Jeff you would be correct only if there wasa program that you
one-click" and it colors the photo by itself. an automated colorization
that is not the case as I know of no such program that exists.
the artist must use the mouse to personally colorize the photo
if he has an artist's tablet, then he uses a stylus and not a mouse
(the preferred way artists do it now)
the artist in either case must continually go back and forth with a
palette and pick the colors etc. he must direct the "virtual brush"
over the photo by hand in order to achieve what he has done.

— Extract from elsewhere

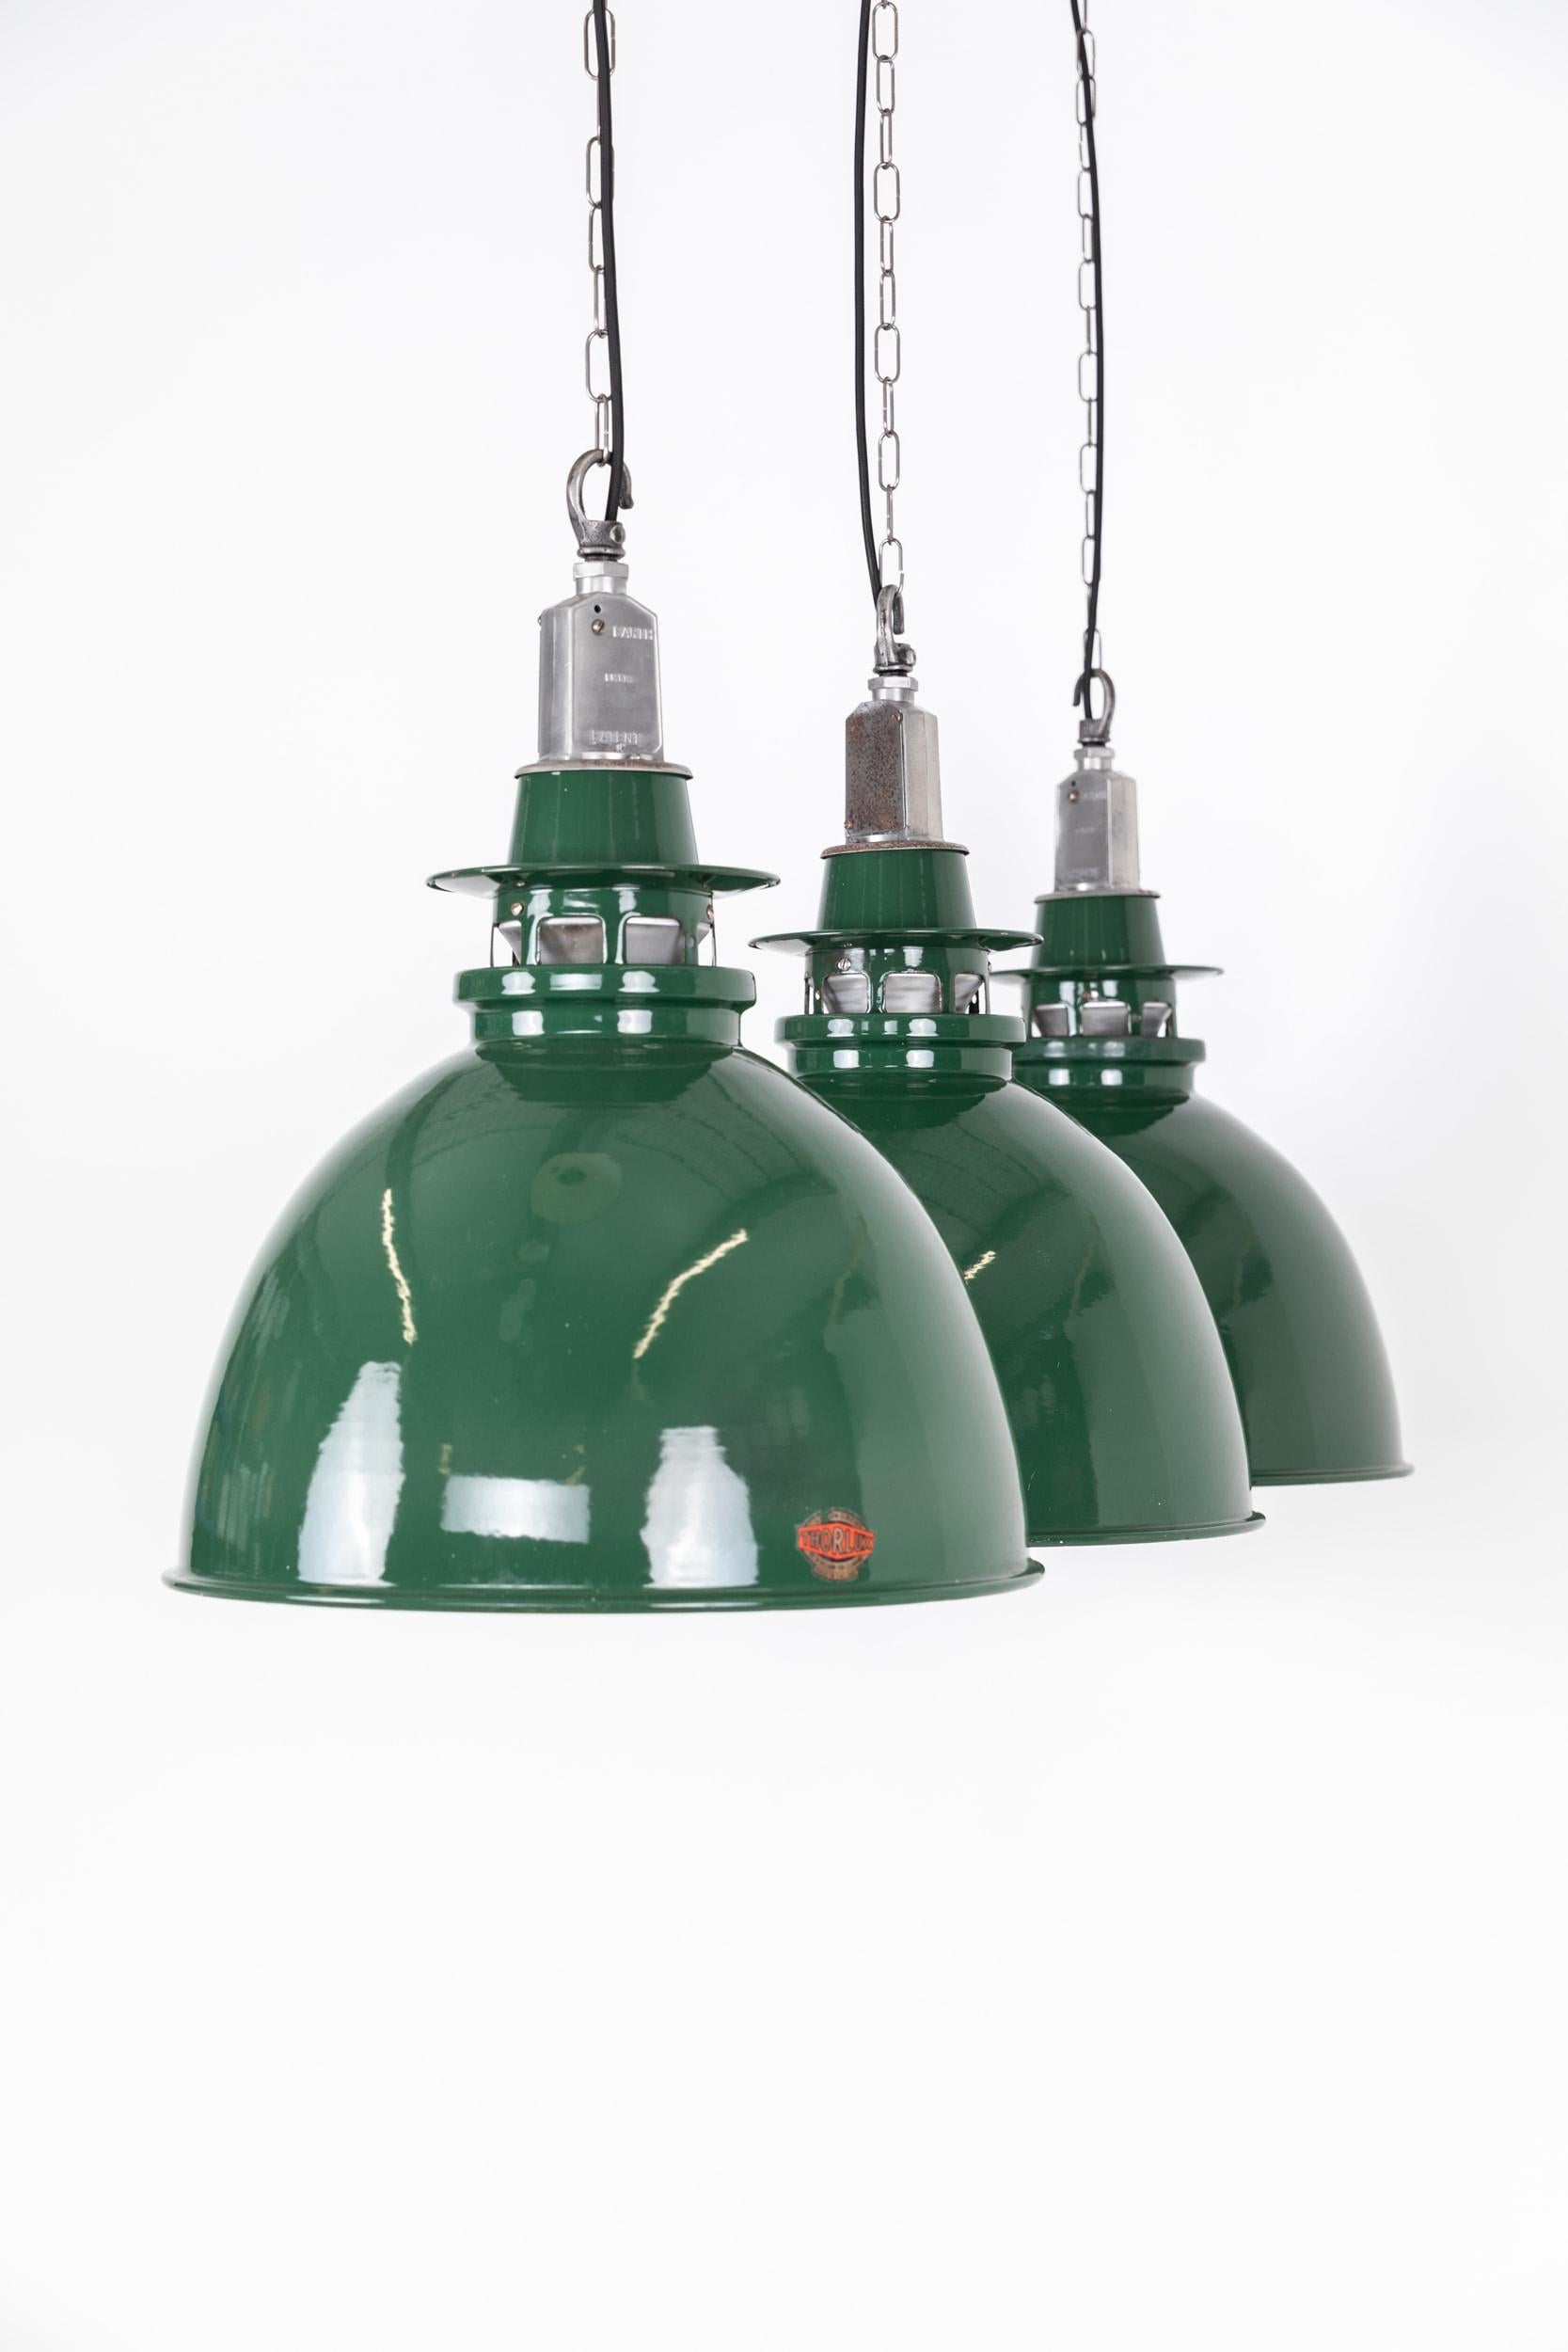 Une série de lampes suspendues en émail vitreux vert par les fabricants de luminaires renommés Thorlux. C.C.

Ombres émaillées en deux parties, dans l'ensemble en très bon état d'origine, avec seulement quelques marques liées à l'âge et des galeries

that's just the way it is done today. at art schools all over the
nation they have classes for illustrating and painting digitally and
you would probably be shocked to learn of many artists who use this technique.
http://psd.tutsplus.com/articles/web/54-mind-blowing-digital-paintings/
look at that link.. every piece there has been digitally created. no
oil paint. no acrylics, no pen and ink, no watercolors
the canvas was a computer monitor
if you think that isn't art.. I say "you don't know what art is"
I've been an art dealer for decades, and while as an artist I use
watercolor & brush, as time goes by, that way of painting is going to
be obsolete in generations to come
Rich
At 10:18 AM 4/21/2009, Jeff Potokar wrote:
i am with you 100% on this... "hand tint" suggests this completely--
done BY HAND, not COMPUTER.
this guy doing the photos simply needs to say they hae been colored
using photoshop. the added "hand tint" is supposed to give the read
of 'old school' when, in fact, these large stills are nothing more
than digital scans that have been computer colorized.
that would be the same as saying that colorized black and white films
that are done via computer are the same as those that were done back
in the day, when they were HAND tinted, frame by frame.
the two descriptions and meanings of that term could not be more
different, technology or not, 21st century or not.
jeff
On Apr 21, 2009, at 6:50 AM, Dave Rosen wrote:
Well, I am old school. I hand-draw my cartoons in pen and ink on
real paper, then scan them and add color using Photoshop. But I
would never dream of calling them "hand-colored." That would imply
that I used a brush and paints (or colored pencils, or crayons),
which I don't.
Dave
----- Original Message ----- From: "Richard Halegua Comic Art"
<sa...@comic-art.com>
To: "Dave Rosen" <hah...@sympatico.ca>; <MoPo-
l...@listserv.american.edu>; "Jeff Potokar" <jpotok...@ca.rr.com>
Sent: Tuesday, April 21, 2009 12:38 AM
Subject: Re: [MOPO] Bride of Frankenstein photo in "color."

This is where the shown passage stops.